According to CASR, “The protest march by the slum dwellers was ruthlessly crushed by the Odisha police. They detained thousands of those protesters, which also included Jayadev Nayak, the President of Salia Sahi Anchalik Committee, Pramila, Odisha State Secretary of CPI(ML) Red Star, and many other activists of Basti Surakshya Mancha.”
The protesters, said CASR, were “raising demands for the implementation of Forest Rights Act, 2006, which says that the Adivasis and other traditional forest dwellers should be given the right to land, livelihood, habitation and other socio-cultural needs.”
Claimed the civil rights group, “75% of Salia Sahi slum dwellers are Adivasis and they come under the ambit of ‘traditional forest dwellers’, of the Act. Also, they opposed the Biju Janata Dal (BJD) government’s plan to encroach their lands to implement their pro-corporate agendas in the name of road construction and ‘development’.”
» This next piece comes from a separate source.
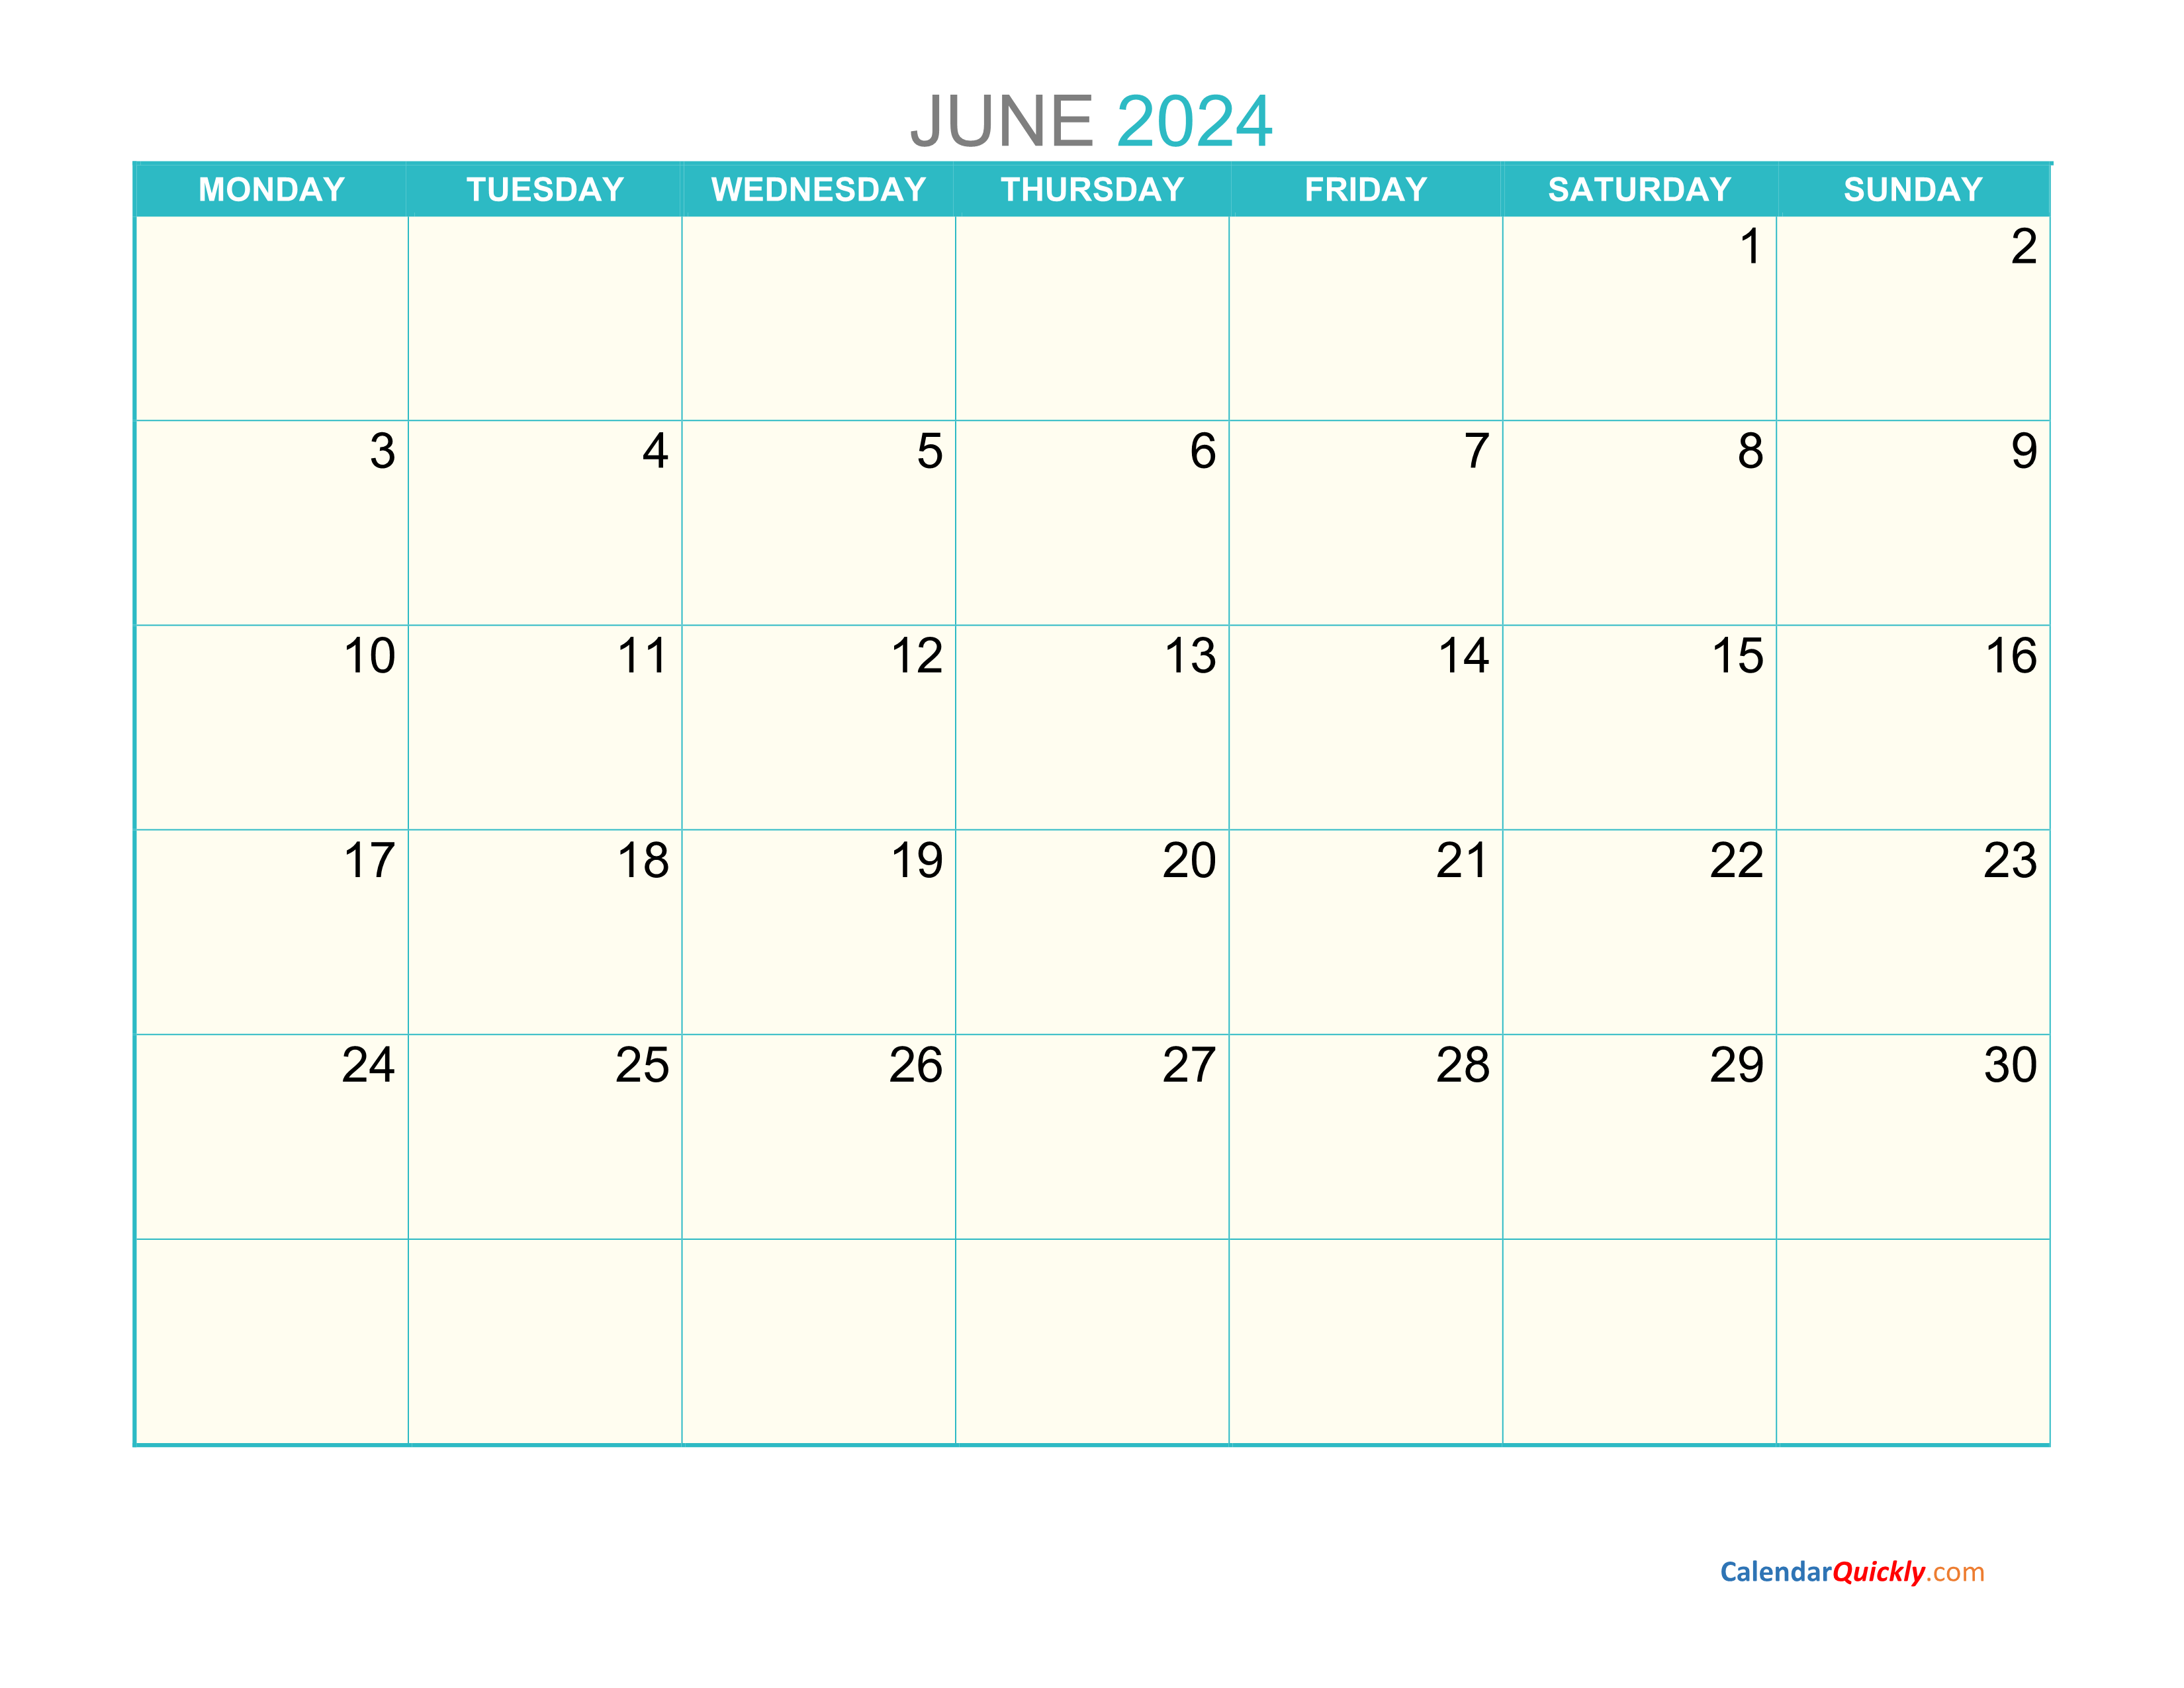 June Monday 2024 Calendar Printable | Calendar Quickly

Stating that the BJD government has provided land rights to many slum dwellers of Bhubaneswar under the pressure of the slum movement, CASR regretted, “Still, Salia Sahi was excluded from that. That's why, Salia Sahi slum dwellers came to the streets as a result of the intolerable oppression they have been facing for several years due to lack of land rights.”
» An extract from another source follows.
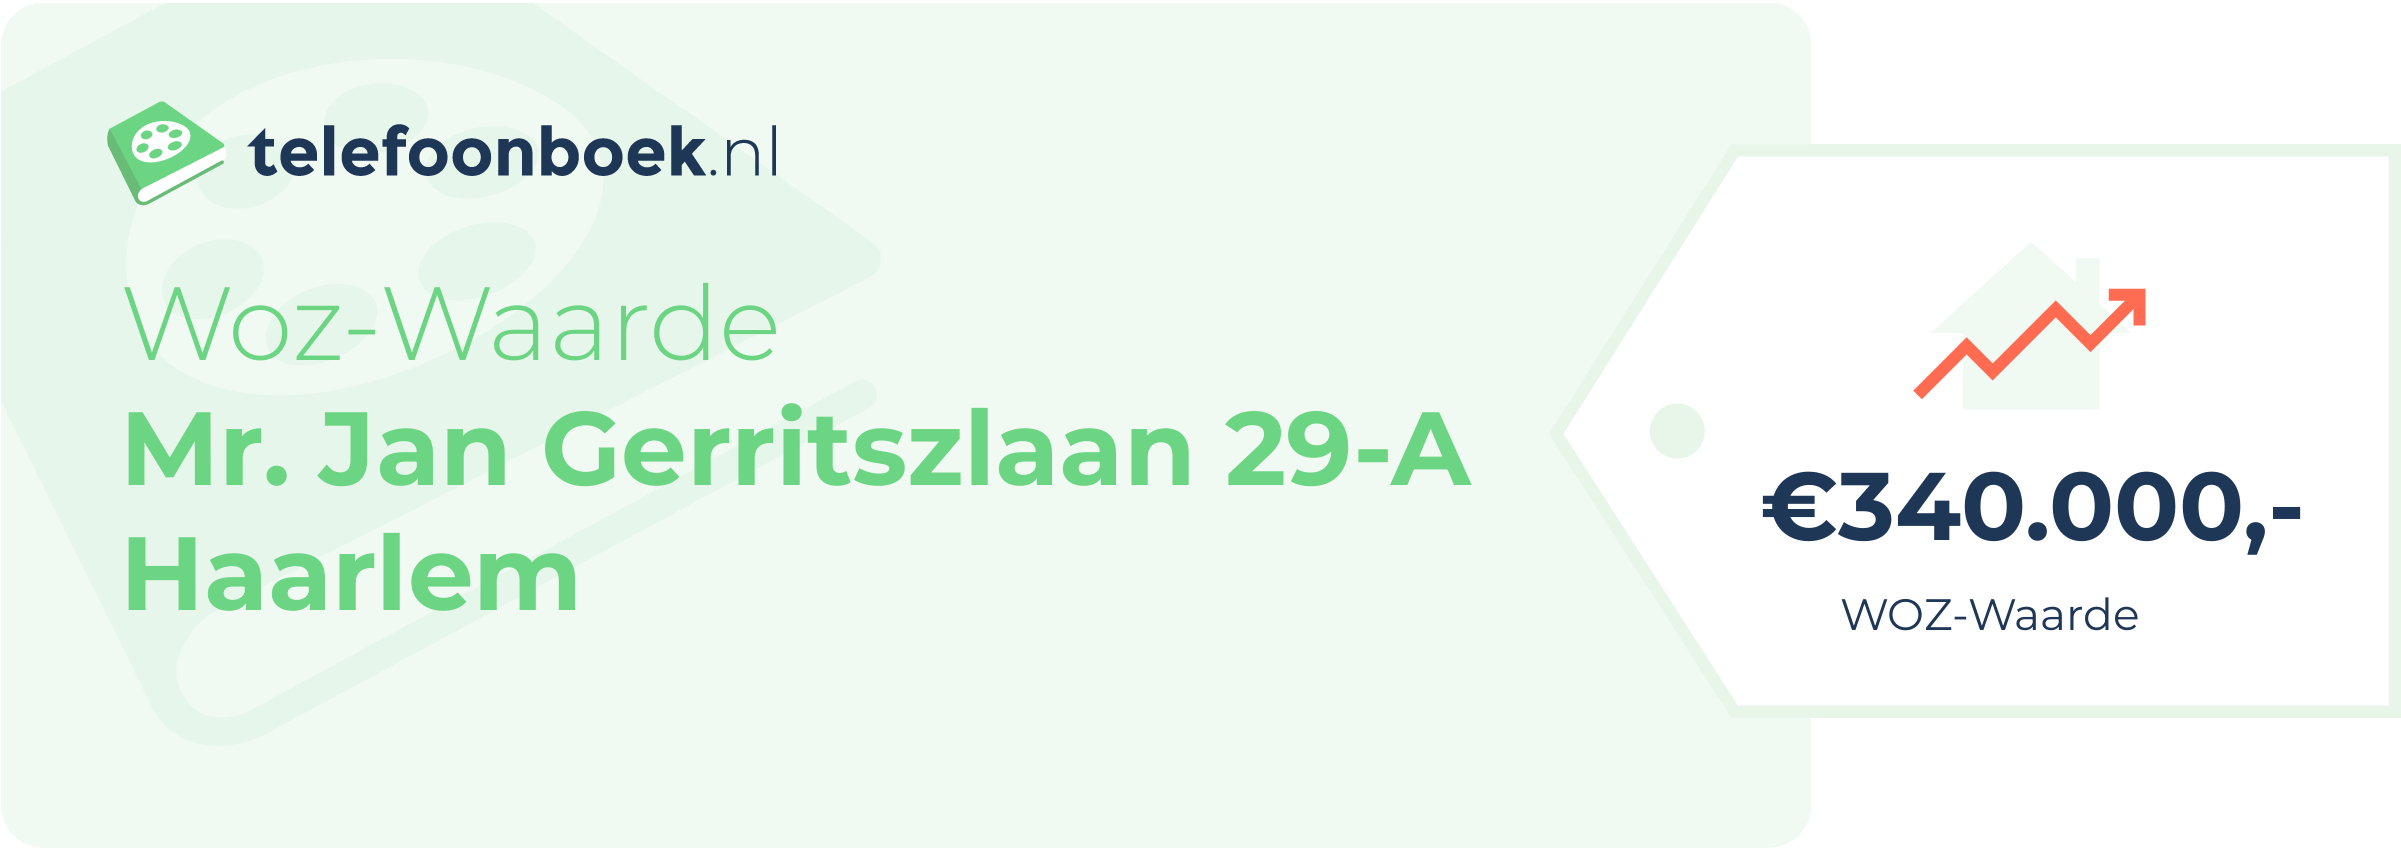 WOZ-waarde Mr. Jan Gerritszlaan 29-A Haarlem

Contending that under the Naveen Patnaik government unleashing “undemocratic repression” has become a norm, CASR cited the instance of how nine activists of the Niyamgiri Suraksha Samiti were arrested and abducted by the police and slapped the anti-terror Unlawful Activities (Prevention) Act.
Citing more instances, it said, “In Mali Parbat, similar land struggle is going on the protect the local Mali as Adivasis fend off state repression at the service of big corporations seeking to grab their lands. In Sijimali, Odisha, the people gave a resounding response during the public hearing for the Sijimali bauxite block and Vedanta Limited.”